Intel® 神经压缩器

<h3>一个开源 Python 库，支持在所有主流深度学习框架(TensorFlow、PyTorch 和 ONNX Runtime)上进行流行的模型压缩技术</h3>

Intel® 神经压缩器旨在为主流框架如 TensorFlow、PyTorch 和 ONNX Runtime，以及 Intel 扩展如 Intel Extension for TensorFlow 和 Intel Extension for PyTorch 提供流行的模型压缩技术，如量化、剪枝(稀疏化)、蒸馏和神经架构搜索。特别是，该工具提供以下关键特性、典型示例和开放合作：

支持广泛的 Intel 硬件，如 Intel Gaudi AI 加速器、Intel Core Ultra 处理器、Intel Xeon 可扩展处理器、Intel Xeon CPU Max 系列、Intel 数据中心 GPU Flex 系列和 Intel 数据中心 GPU Max 系列，并进行了广泛测试；通过 ONNX Runtime 支持 AMD CPU、ARM CPU 和 NVidia GPU，但测试有限；对于某些无权重量化算法如 AutoRound 和 HQQ，支持 NVidia GPU。
验证流行的大语言模型，如 LLama2、Falcon、GPT-J、Bloom、OPT，以及来自流行模型库如 Hugging Face、Torch Vision 和 ONNX Model Zoo 的超过 10,000 个广泛模型，如 Stable Diffusion、BERT-Large 和 ResNet50，并采用自动精度驱动量化策略
与云市场如 Google Cloud Platform、Amazon Web Services 和 Azure，软件平台如阿里云、腾讯 TACO 和 Microsoft Olive，以及开放 AI 生态系统如 Hugging Face、PyTorch、ONNX、ONNX Runtime 和 Lightning AI 进行合作

安装

安装框架

为 CPU 安装 torch

pip install torch --index-url https://download.pytorch.org/whl/cpu

使用预装 torch 的 Docker 镜像用于 HPU

https://docs.habana.ai/en/latest/Installation_Guide/Bare_Metal_Fresh_OS.html#bare-metal-fresh-os-single-click

注意: Intel 神经压缩器与 Gaudi 软件栈之间存在版本对应关系，请参考此表格并确保使用匹配的组合。

为 Intel GPU 安装 torch/intel_extension_for_pytorch

https://intel.github.io/intel-extension-for-pytorch/index.html#installation

为其他平台安装 torch

https://pytorch.org/get-started/locally

安装 tensorflow

pip install tensorflow

从 pypi 安装

# 安装 2.X API + 框架扩展 API + PyTorch 依赖
pip install neural-compressor[pt]
# 安装 2.X API + 框架扩展 API + TensorFlow 依赖
pip install neural-compressor[tf]

注意: 更多安装方法可以在安装指南中找到。查看我们的常见问题了解更多详情。

入门

设置环境：

pip install "neural-compressor>=2.3" "transformers>=4.34.0" torch torchvision

成功安装这些包后，尝试你的第一个量化程序。

FP8 量化

以下示例代码演示了 FP8 量化，它由 Intel Gaudi2 AI 加速器支持。

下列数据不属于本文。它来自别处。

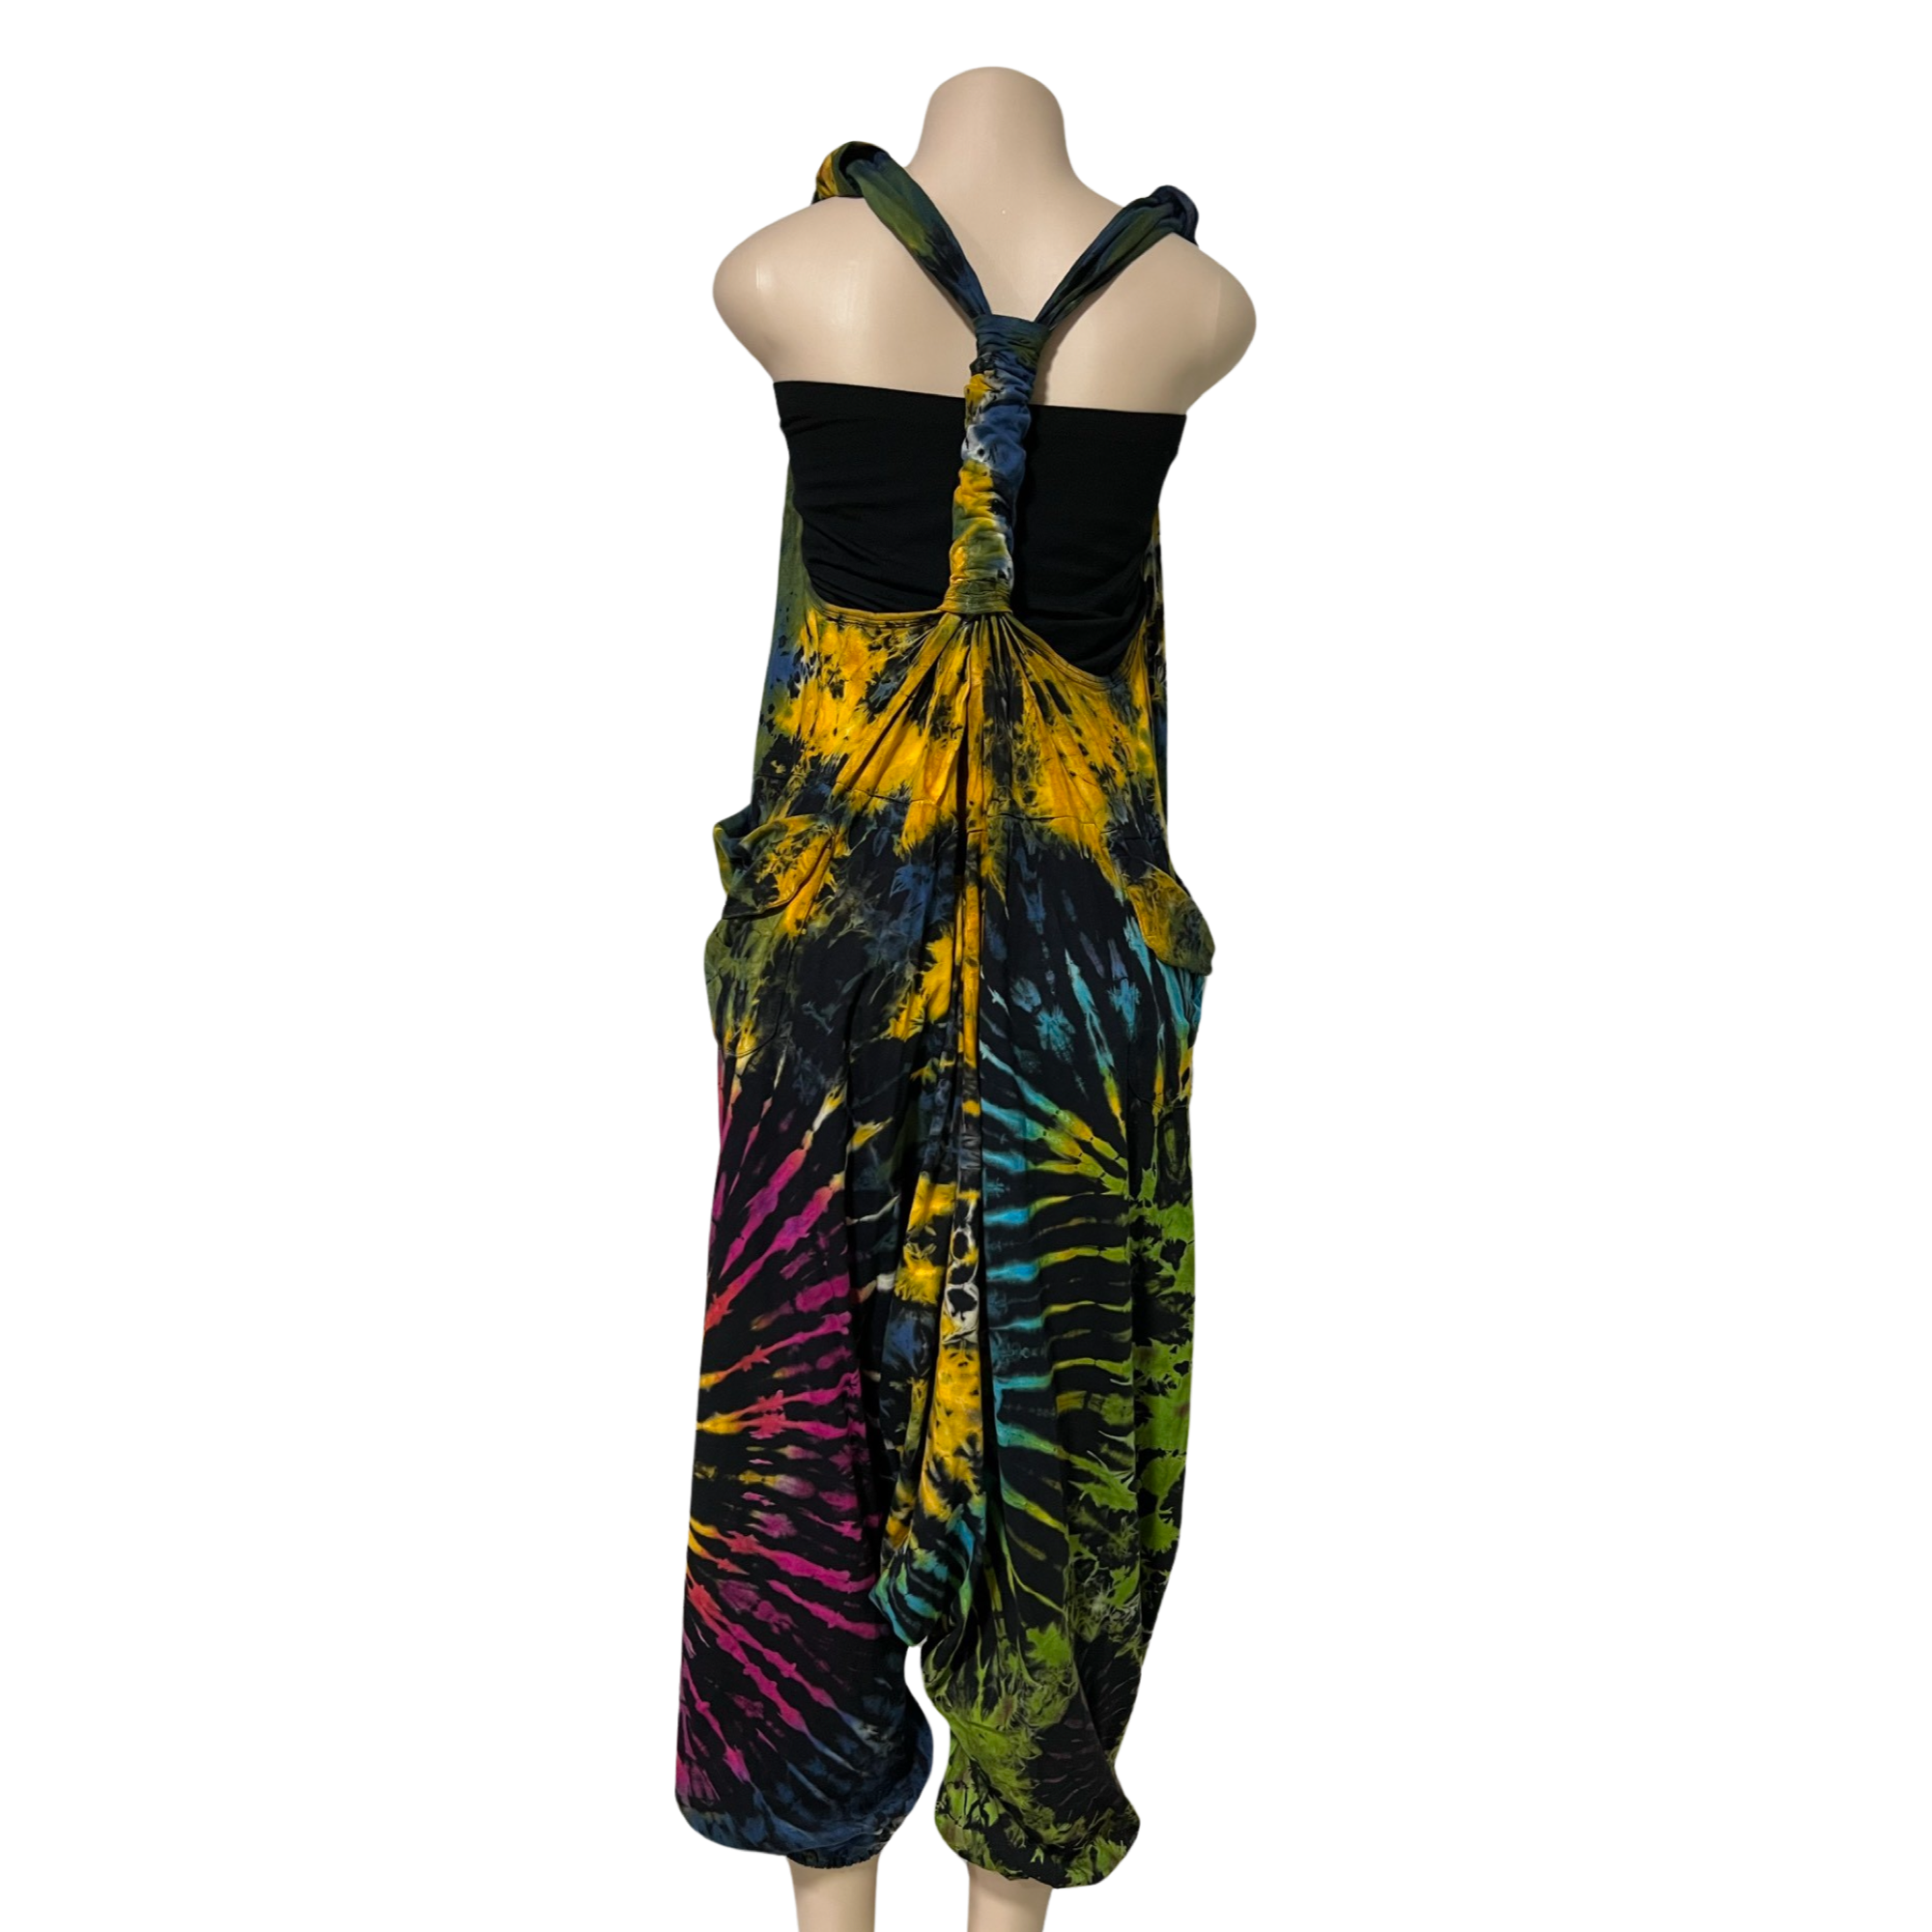 Harem Jumpsuit for Women Retro Tie Dye Loose Sleeveless V Neck Baggy Overalls One Piece Romper Jumpsuits with Pockets, Assorted Colors.

要在 Intel Gaudi2 上尝试，推荐使用带有 Gaudi 软件栈的 docker 镜像，请参考以下脚本进行环境设置。更多详情可以在 Gaudi 指南中找到。

# 运行一个带有交互式 shell 的容器
docker run -it --runtime=habana -e HABANA_VISIBLE_DEVICES=all -e OMPI_MCA_btl_vader_single_copy_mechanism=none --cap-add=sys_nice --net=host --ipc=host vault.habana.ai/gaudi-docker/1.17.0/ubuntu22.04/habanalabs/pytorch-installer-2.3.1:latest

运行示例：

from neural_compressor.torch.quantization import (
    FP8Config,
    prepare,
    convert,
)
import torchvision.models as models

model = models.resnet18()
qconfig = FP8Config(fp8_config="E4M3")
model = prepare(model, qconfig)
# 用户自定义校准
calib_func(model)
model = convert(model)

权重专用大语言模型加载 (LLMs)

以下示例代码演示了在 Intel Gaudi2 AI 加速器上进行权重专用大语言模型加载。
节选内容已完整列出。